A mutant form of hemoglobin uses disulphide bridges to stabilize the T-state instead of salt bridges. How would the behaviour of this mutant Hb differ from the regular version?

a) The mutant would bind oxygen easier than the regular version
b) The mutant would spend less time in the R-state than the regular version
c) The mutant would resist CO poisoning less than the regular version
d) The mutant would resist CO poisoning more than the regular version

Answer 1

A mutant form of hemoglobin that uses disulphide bridges to stabilize the T-state would spend less time in the R-state compared to the regular version.

Step-by-step explanation:

A mutant form of hemoglobin that uses disulphide bridges to stabilize the T-state instead of salt bridges would have different behavior compared to the regular version of hemoglobin. Specifically, the mutant form would spend less time in the R-state than the regular version.

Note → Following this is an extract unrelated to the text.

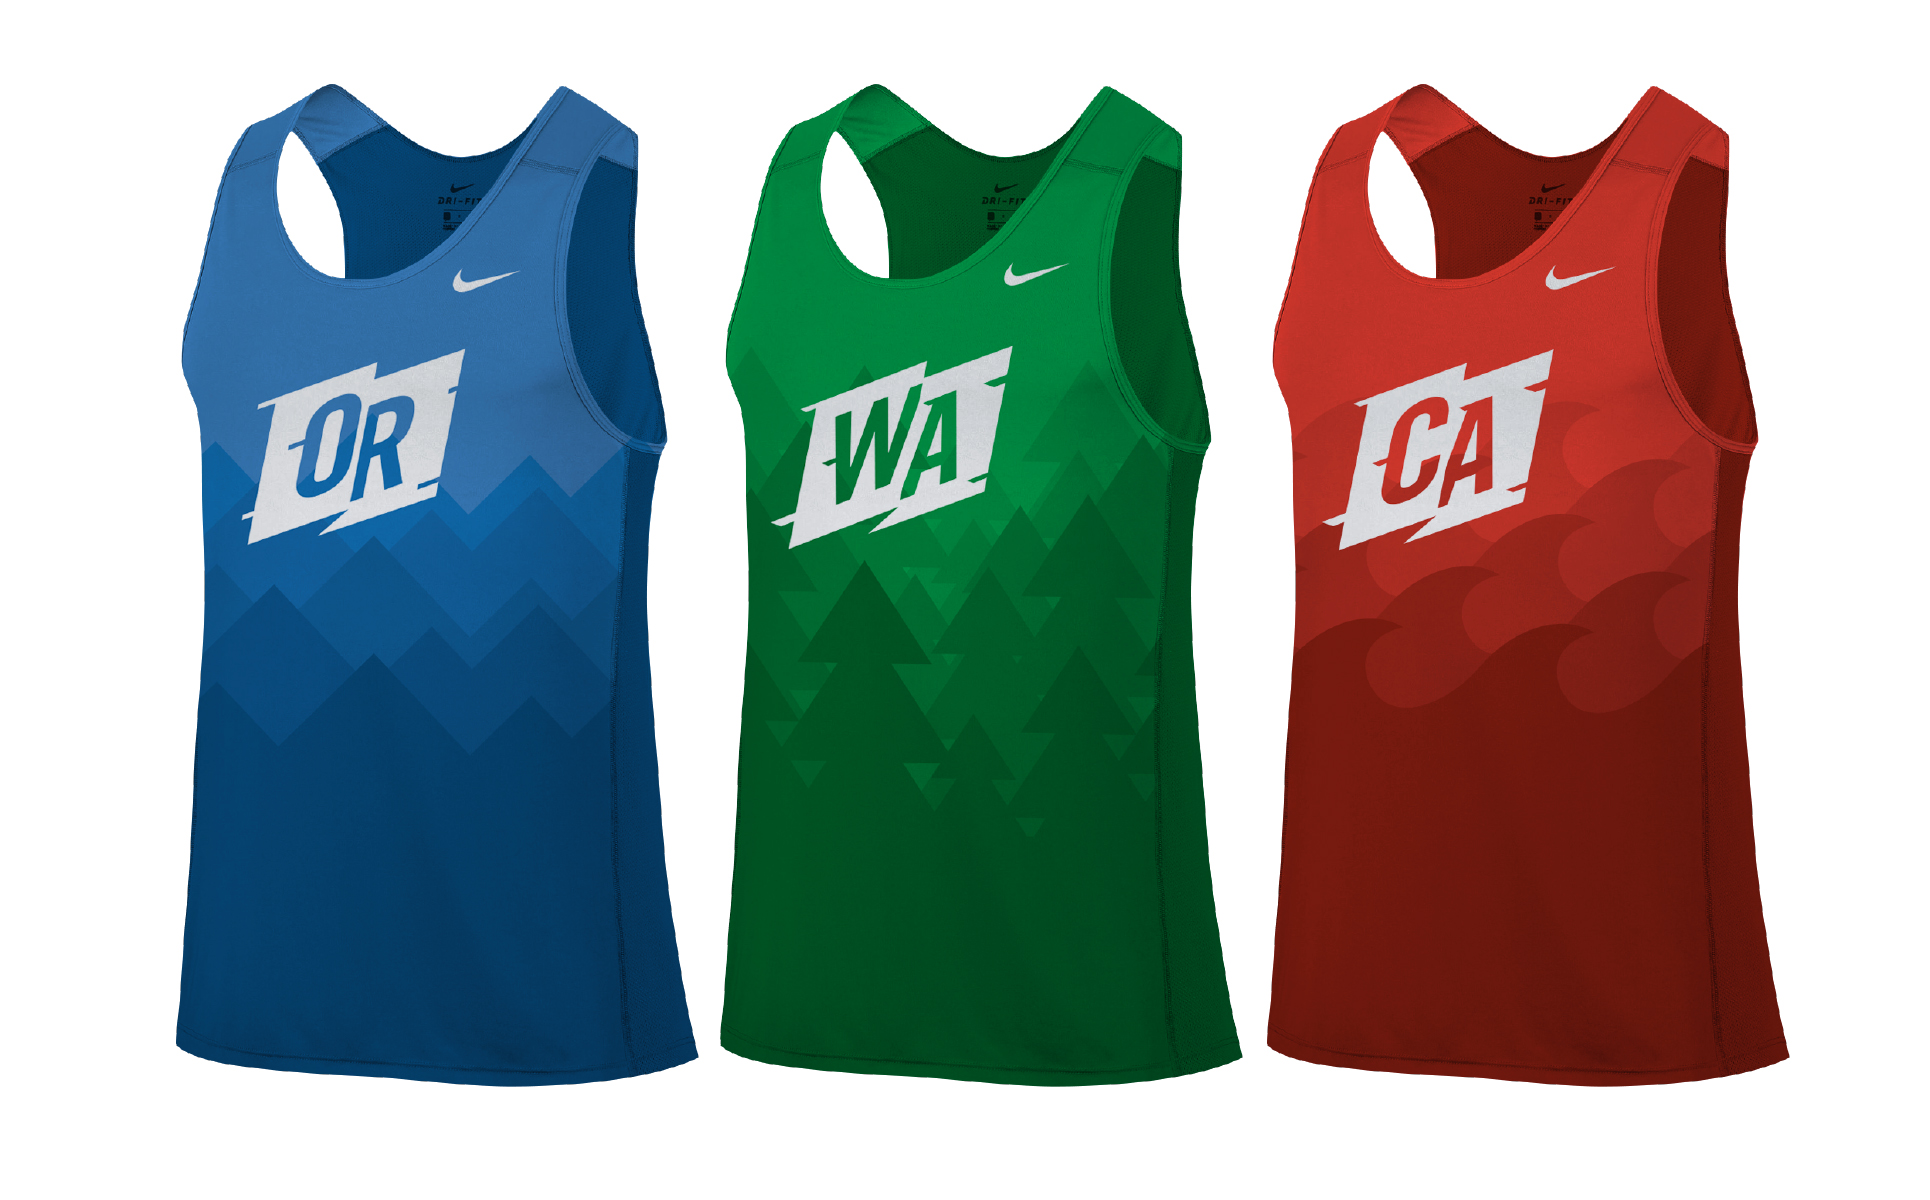 28888aee8 Uniform design for the BorderClash high school cross country running event.
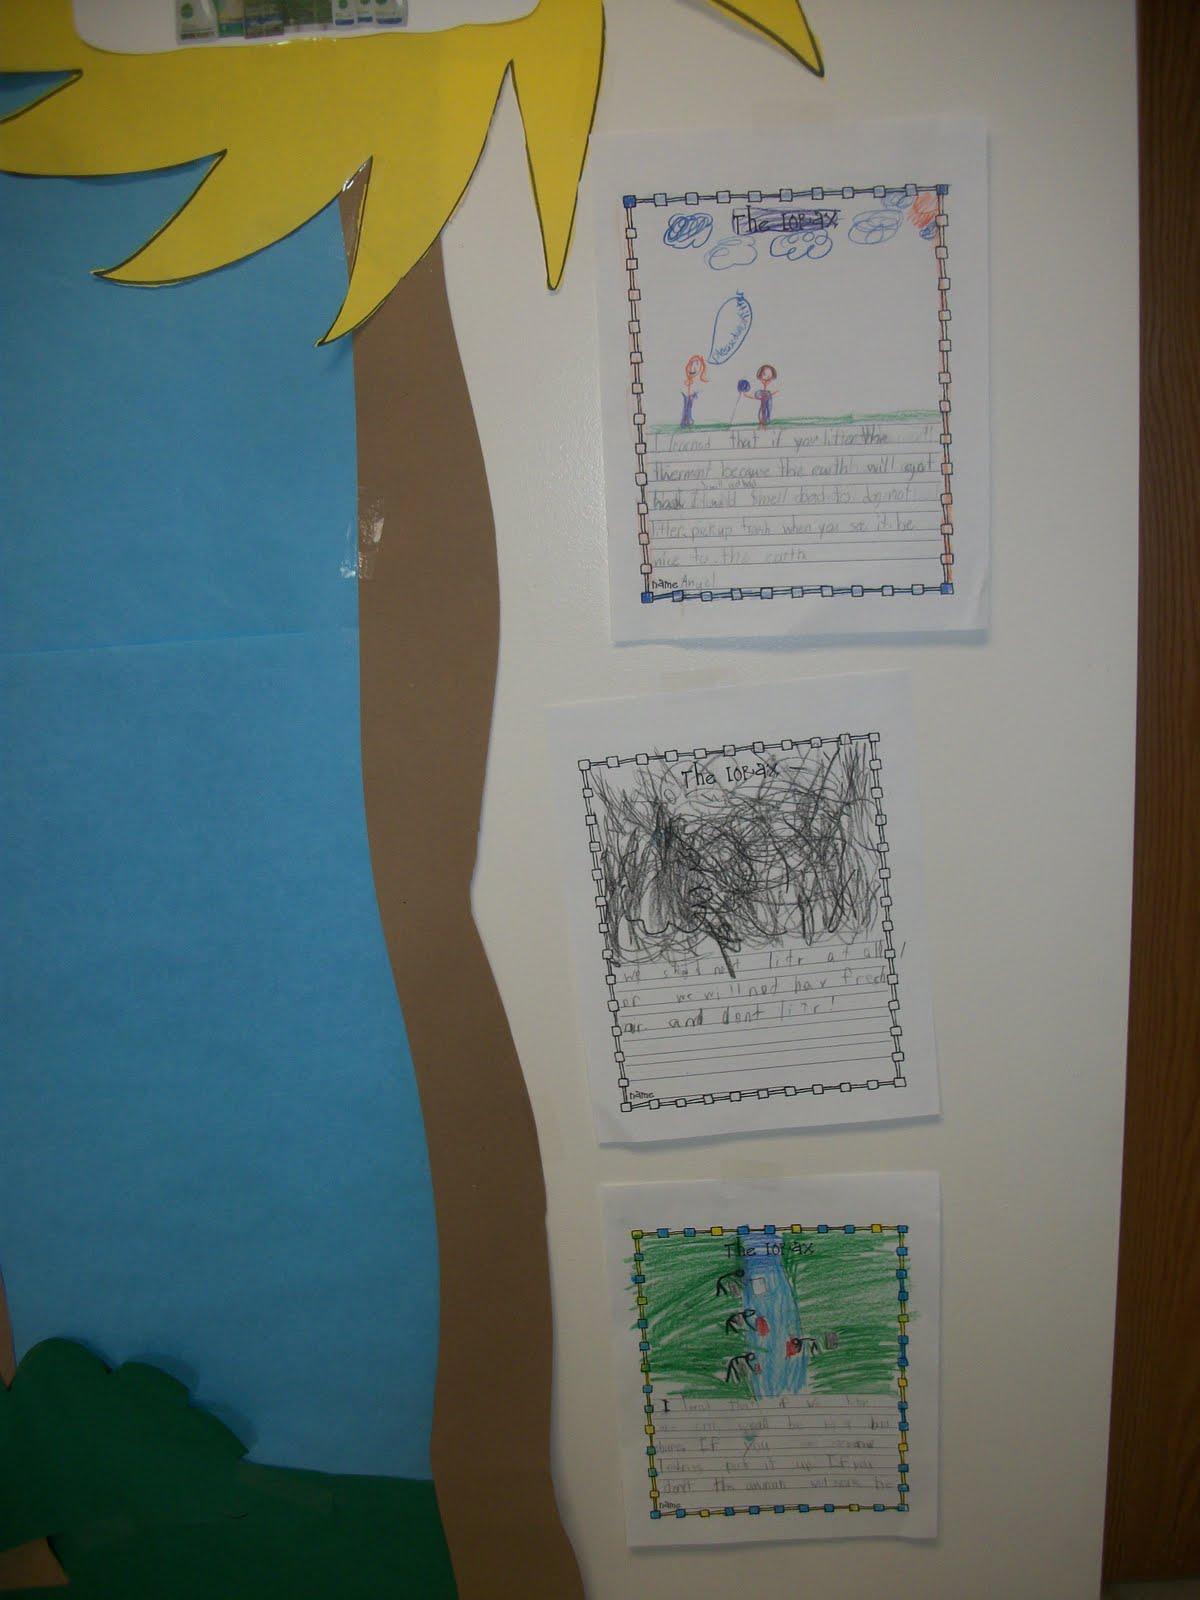 You Can Make The Sun Shine Anytime Earth Day Bulletin Board Idea Featuring The Lorax

Hemoglobin normally undergoes a conformational change when oxygen binds, transitioning from the T-state to the R-state. The R-state is the oxygen-bound state where hemoglobin has a higher affinity for oxygen. By stabilizing the T-state, the mutant form would have a reduced ability to transition to the R-state, resulting in spending less time in the oxygen-bound state.

Therefore, the correct answer is b) The mutant would spend less time in the R-state than the regular version.